18 convex polyhedral hyperprisms (from 5 Platonic solid and 13 Archimedean solid)
- Tetrahedral hyperprism - 2 tetrahedra connected by 4 triangular prisms
- Cubic hyperprism (regular tesseract) - 2 cubes connected by 6 cubes.
- Octahedral hyperprism - 2 octahedra connected by 8 triangular prisms
- Dodecahedral hyperprism - 2 dodecahedra connected by 12 pentagonal prisms
- Icosahedral hyperprism - 2 icosahedra connected by 20 triangular prisms
- Truncated tetrahedral hyperprism - 2 truncated tetrahedra connected by 4 triangular prisms and 4 hexagonal prisms
- Truncated cubic hyperprism - 2 truncated cubes connected by 8 triangular prisms and 6 octagonal prisms.
- Truncated octahedral hyperprism - 2 truncated octahedra connected by 6 cubes and 8 hexagonal prisms.
- Truncated dodecahedral hyperprism - 2 truncated dodecahedra connected by 20 triangular prisms and 12 decagonal prisms.
- Truncated icosahedral hyperprism - 2 runcated icosahedra connected by 12 pentagonal prisms and 20 hexagonal prisms.
- Truncated cuboctahedral hyperprism - 2 truncated cuboctahedra connected by 12 cubes, 8 hexagonal prism, and 6 octagonal prisms.
- Truncated icosidodecahedral hyperprism - 2 truncated icosidodecahedra connected by 30 cubes, 20 hexagonal prisms, and 12 decagonal prisms
- Cuboctahedral hyperprism - 2 cuboctahedra connected by 8 triangular prisms and 6 cubes.
- Icosidodecahedral hyperprism - 2 icosidodecahedra connected by 20 triangular prisms and 12 pentagonal prisms.
- Rhombicuboctahedral hyperprism - 2 rhombicuboctahedra connected by 8 triangular prisms and 18 cubes.
- Rhombicosidodecahedral hyperprism - 2 rhombicosidodecahedra connected by 20 triangular prisms, 30 cubes, and 12 pentagonal prisms
- Snub cubic hyperprism - 2 snub cubes connected by 32 triangular prisms and 6 cubes
- Snub dodecahedral hyperprism - 2 snub dodecahedra connected by 80 triangular prisms, and 12 pentagonal prisms
Infinite sets of convex prismatic hyperprisms (from uniform prisms and antiprisms)

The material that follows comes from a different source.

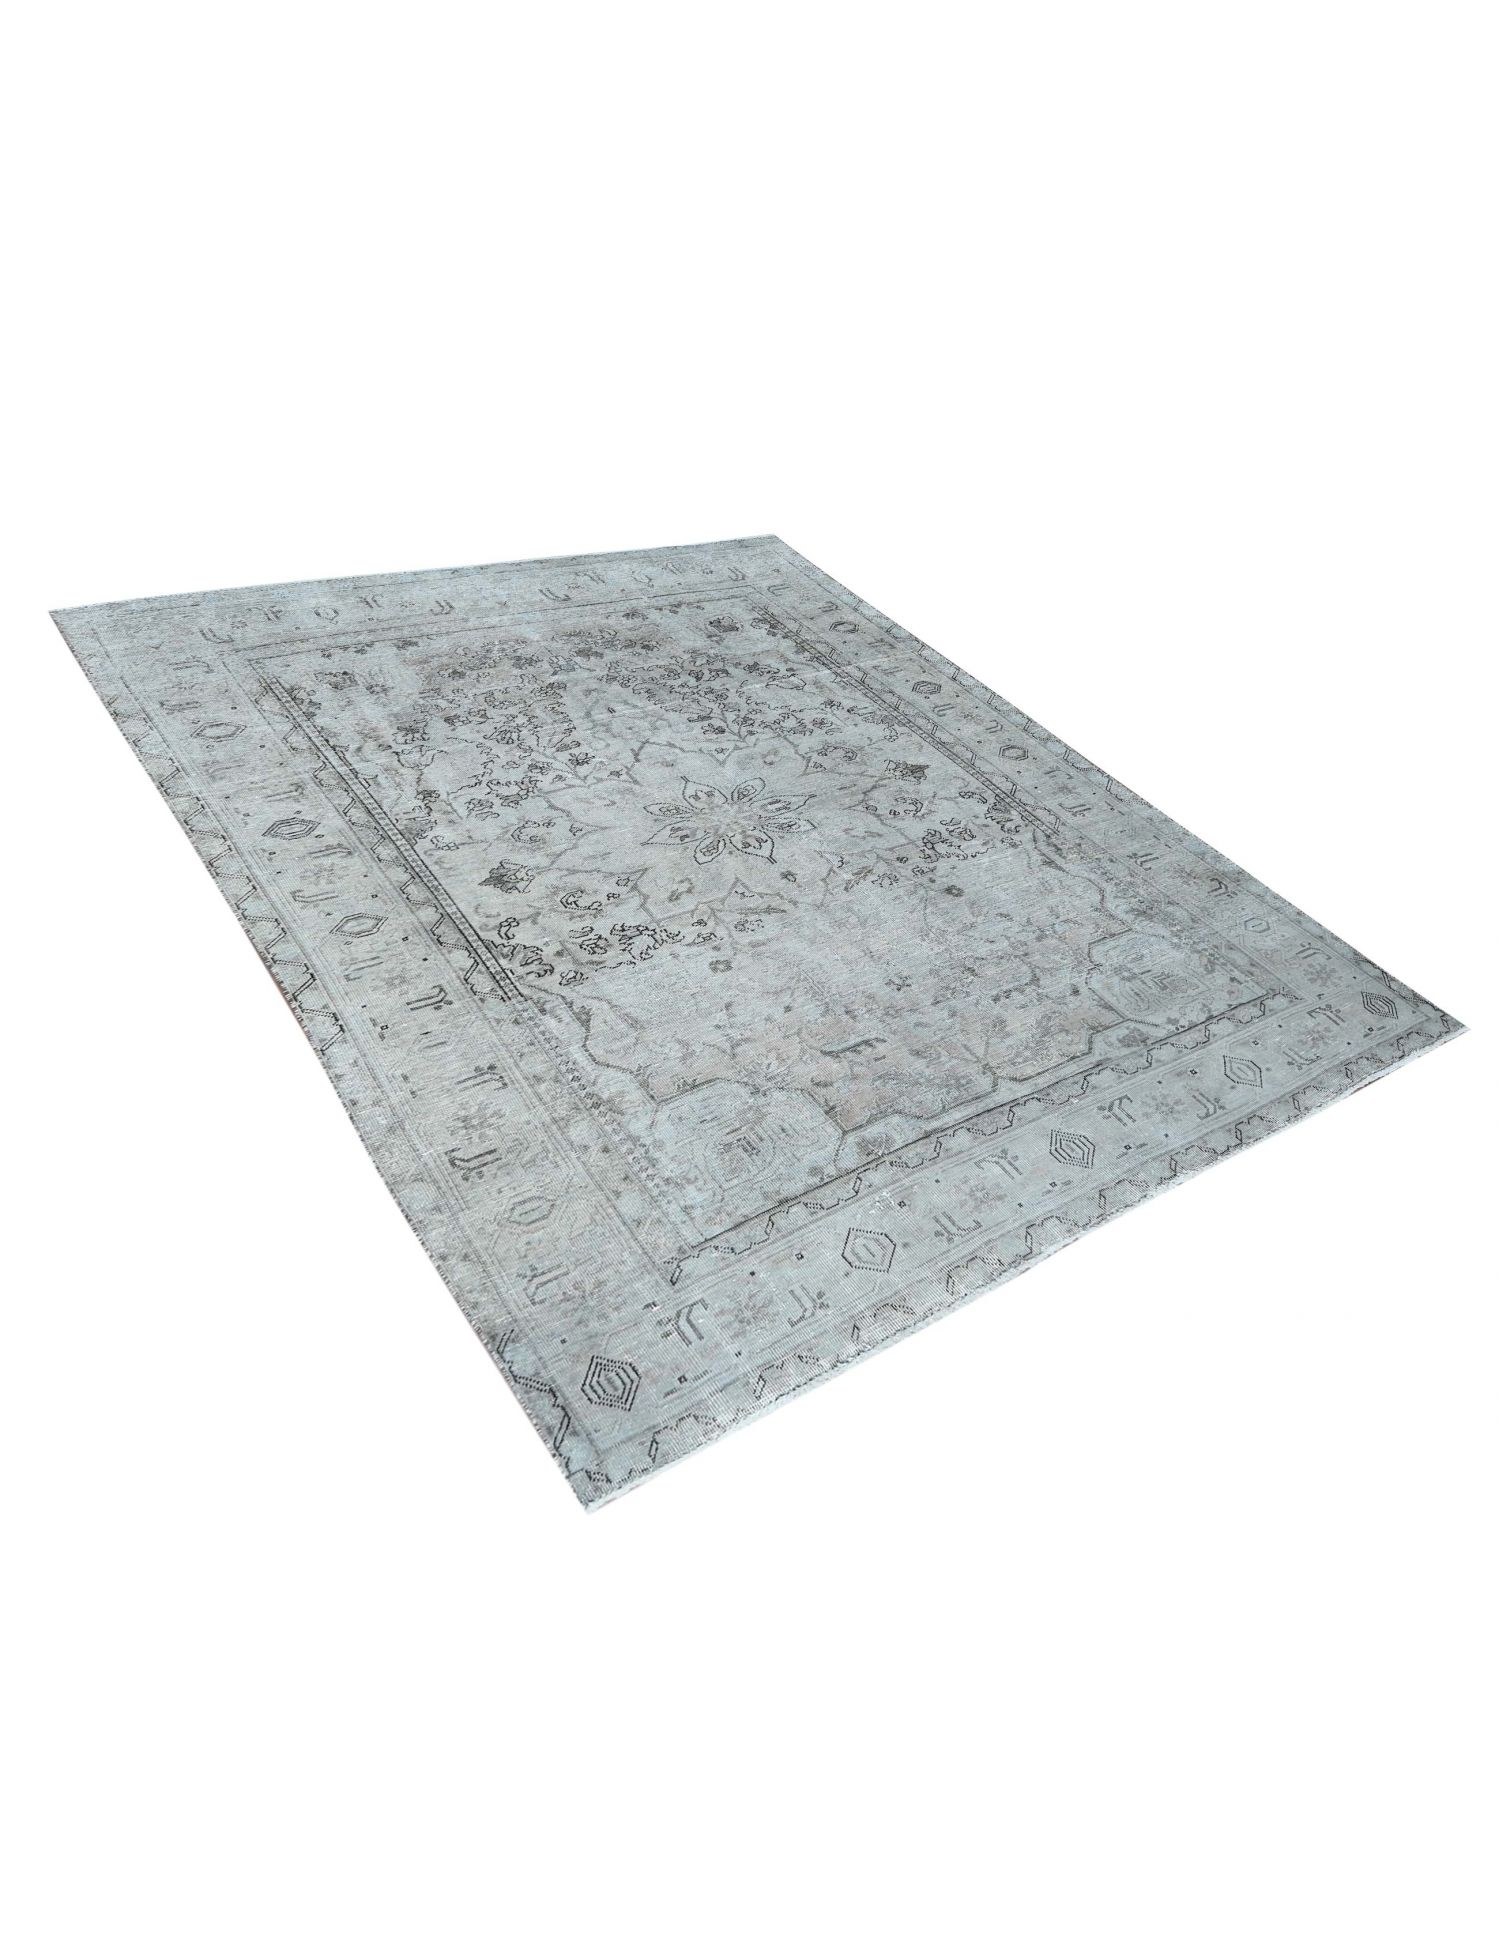 Vintage Teppich  grau <br/>281 x 224 cm
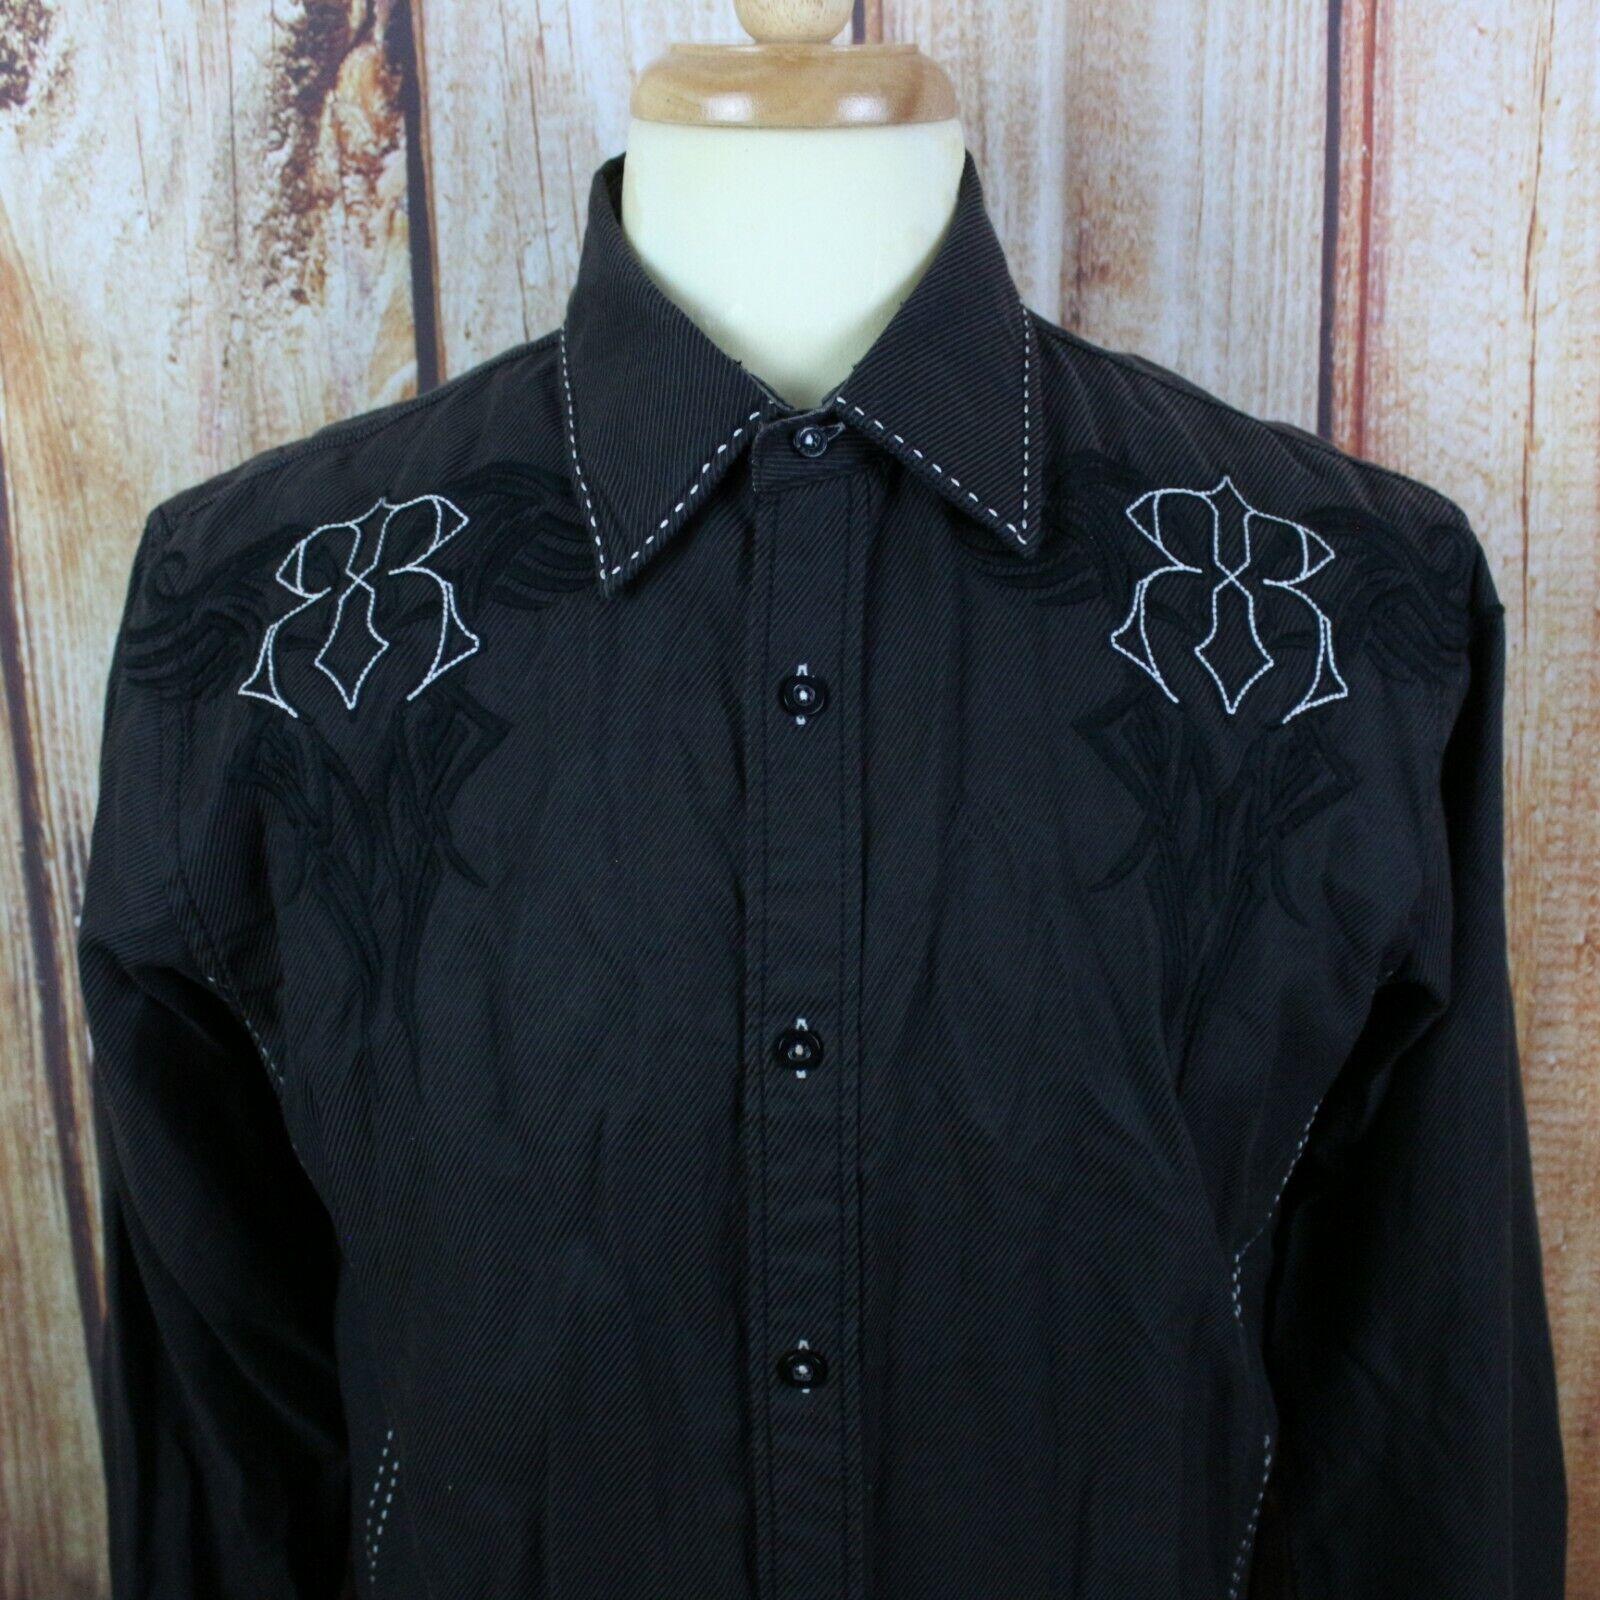 a08acb3b Roar Signature Men's Button Down Embroidered Shirt Sz Medium Brown Long  Sleeve

- p-gonal prismatic hyperprism (p≥3) - 2 p-gonal prisms, connected by 2 p-gonal prisms and p cubes.
- p-gonal antiprismatic hyperprism (p≥3) - 2 p-gonal antiprisms, connected by 2 p-gonal prisms and 2p triangular prisms.
[edit] Duoprisms
The second is the infinite family of uniform duoprisms, products of two regular polygons. Note that this family overlaps with the first: when one of the two "factor" polygons is a square, the product is equivalent to a hyperprism whose base is a three-dimensional prism. The symmetry number of a duoprism whose factors are a p-gon and a q-gon (a "p,q-duoprism") is 4pq if p≠q; if the factors are both p-gons, the symmetry number is 8p2. The tesseract can be considered a 4,4-duoprism, though its symmetry is higher than that implies.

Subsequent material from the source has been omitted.